# ens_kitchen notebook

Jupyter notebook for data extraction and processing for ENS Endowment data update & analysis. **Execution is on Colab** (not locally).

Sections:
1. **setup:** done in the first section in order to have proper config for the whole nobtebook.
2. **data collection:** section used for collecting data for the jt kitchen.
    - **prices:** fetch prices for ENS portfolio relevant tokens.

In [None]:
"""
Setup all the required variables & logic for the notebook.
"""

# ==============================================
#  Install Required Packages
# ==============================================

# user-built packages to run in the colab
GITHUB_TOKEN = "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"
BRANCH = "main"
! pip install git+https://{GITHUB_TOKEN}@github.com/tom4s-lt/kpk-kitchens.git@{BRANCH}

# ==============================================
#  Import Required Libraries
# ==============================================

# user-built config class and functions
from kpk_kitchens.config import ENSConfig
from kpk_kitchens.utils import etl_gen_df_from_gsheet, gecko_get_price_historical

# Google authentication libraries
from google.colab import auth
auth.authenticate_user()
import gspread
from google.auth import default

# Other libraries
import os
import requests
import pandas as pd

import time
from datetime import datetime

from typing import Optional, Dict, Any, List

# ==============================================
#  Initialize script variables & params
# ==============================================

# google credentials & client
creds, _ = default()
gc = gspread.authorize(creds)

# Create the data directory
os.makedirs(ENSConfig.DATA_DIR, exist_ok=True)

# data collection

## prices

In [None]:
"""
Fetches prices for ens portfolio relevant tokens from CoinGecko.

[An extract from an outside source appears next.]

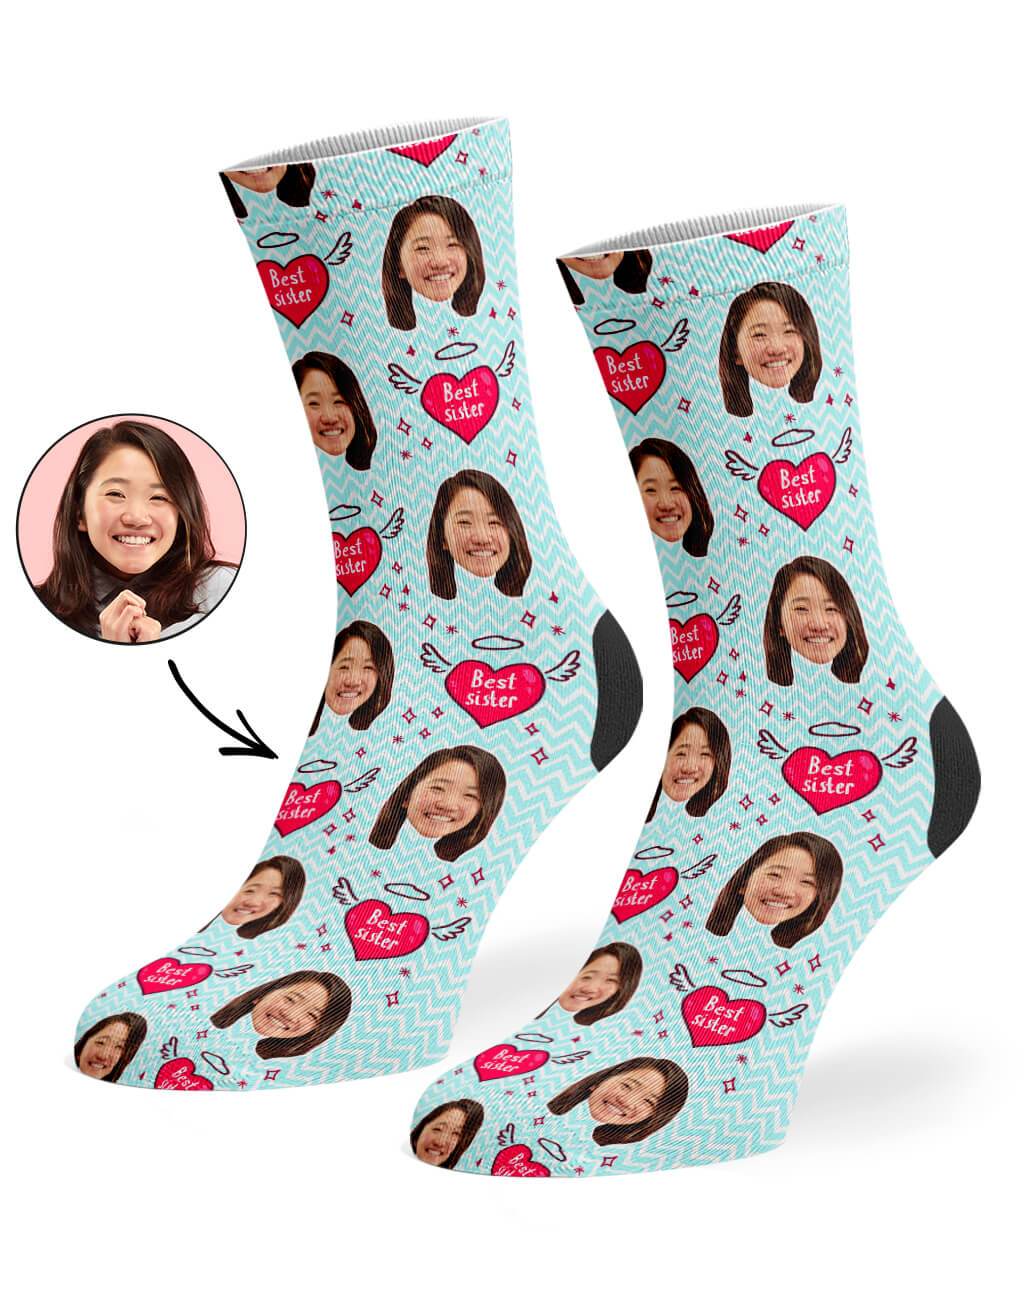 Best Sister Custom Socks
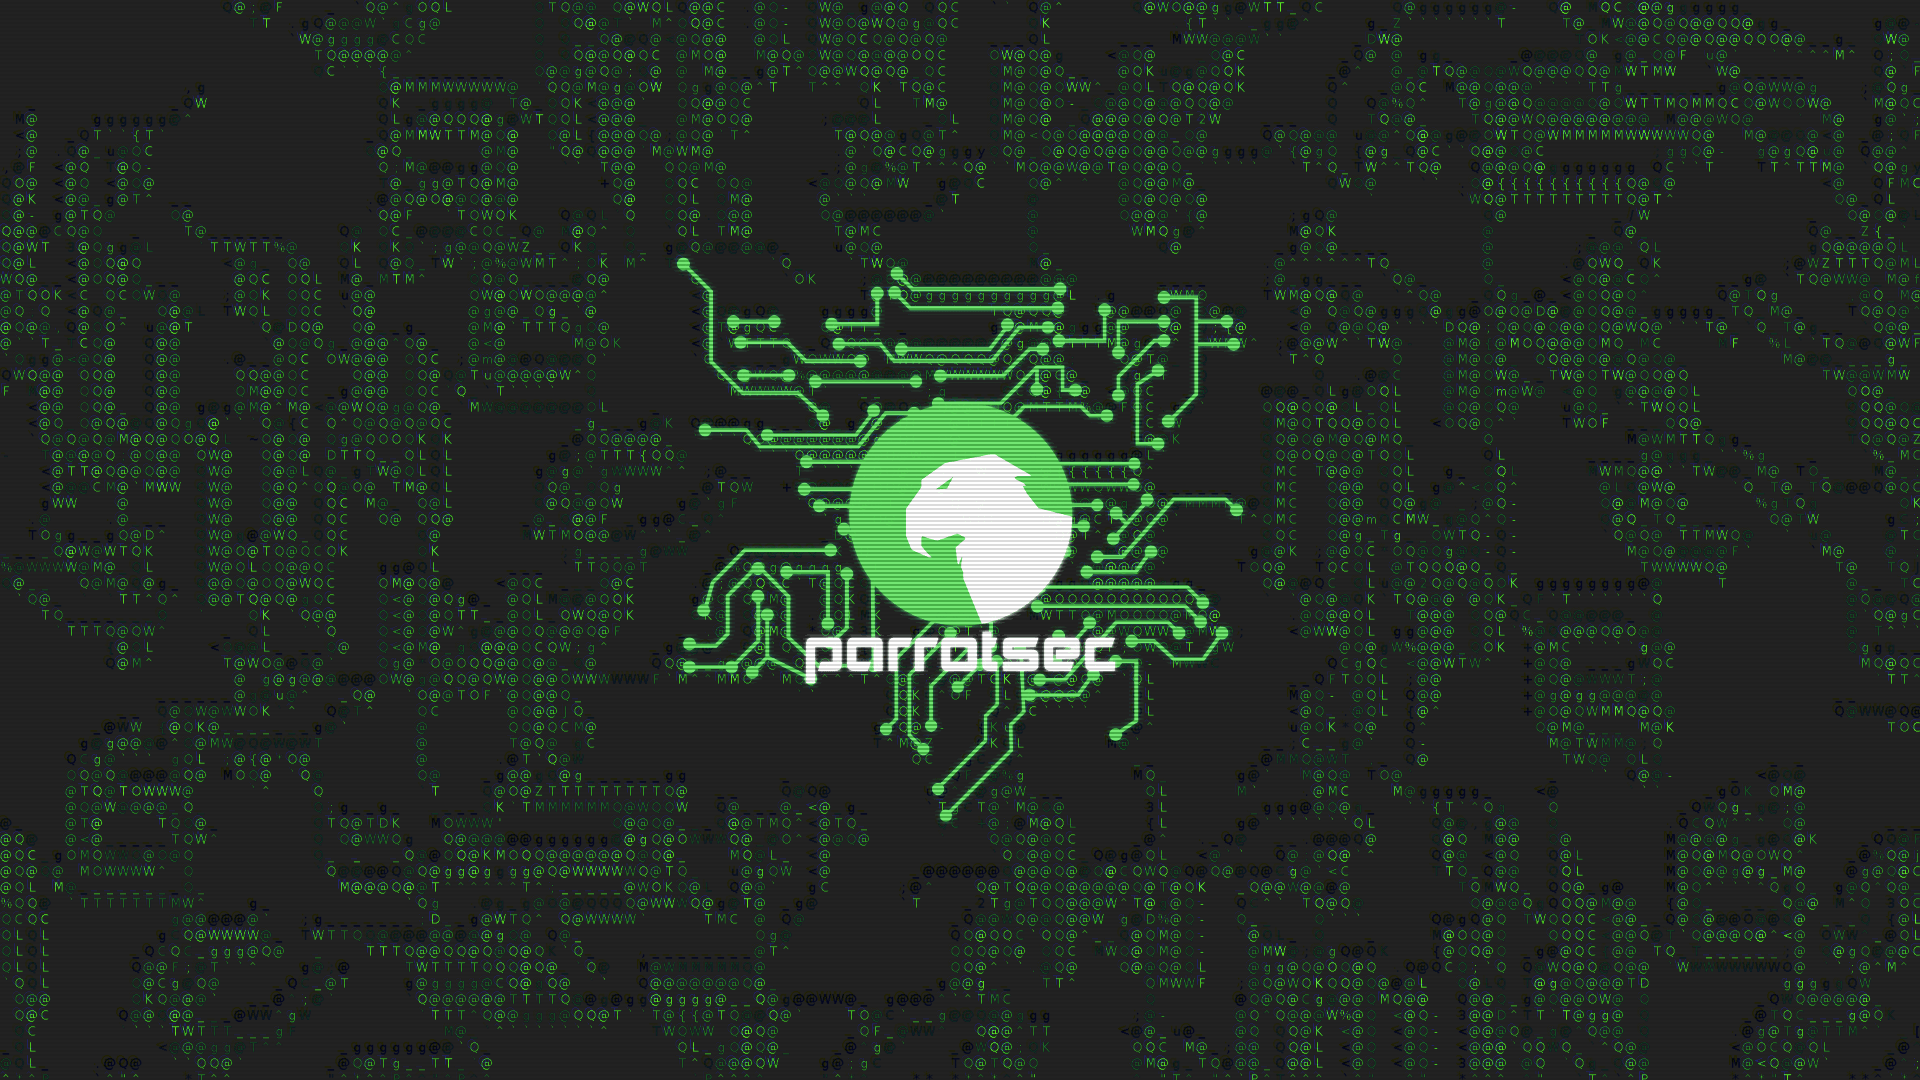 ParrotSec Logo and Wallpaper

Most failures come from duplicate assets in the asset tab.
"""

# Fetch assets from Google Sheet
json_lk_assets = etl_gen_df_from_gsheet(gc, ENSConfig.WORKBOOK_URL, ENSConfig.LK_ASSETS)

# filter - only ENS assets
json_ens_assets = [
    asset for asset in json_lk_assets
    if asset.get("company") == "ENS"
]

# Separate stablecoins and non-stablecoins
stablecoins = [
    asset for asset in json_ens_assets
    if asset.get("type_market") == "stablecoin"
]

non_stablecoins = [
    asset for asset in json_ens_assets
    if asset.get("type_market") != "stablecoin"
]

print(f"Found {len(stablecoins)} stablecoins and {len(non_stablecoins)} non-stablecoins")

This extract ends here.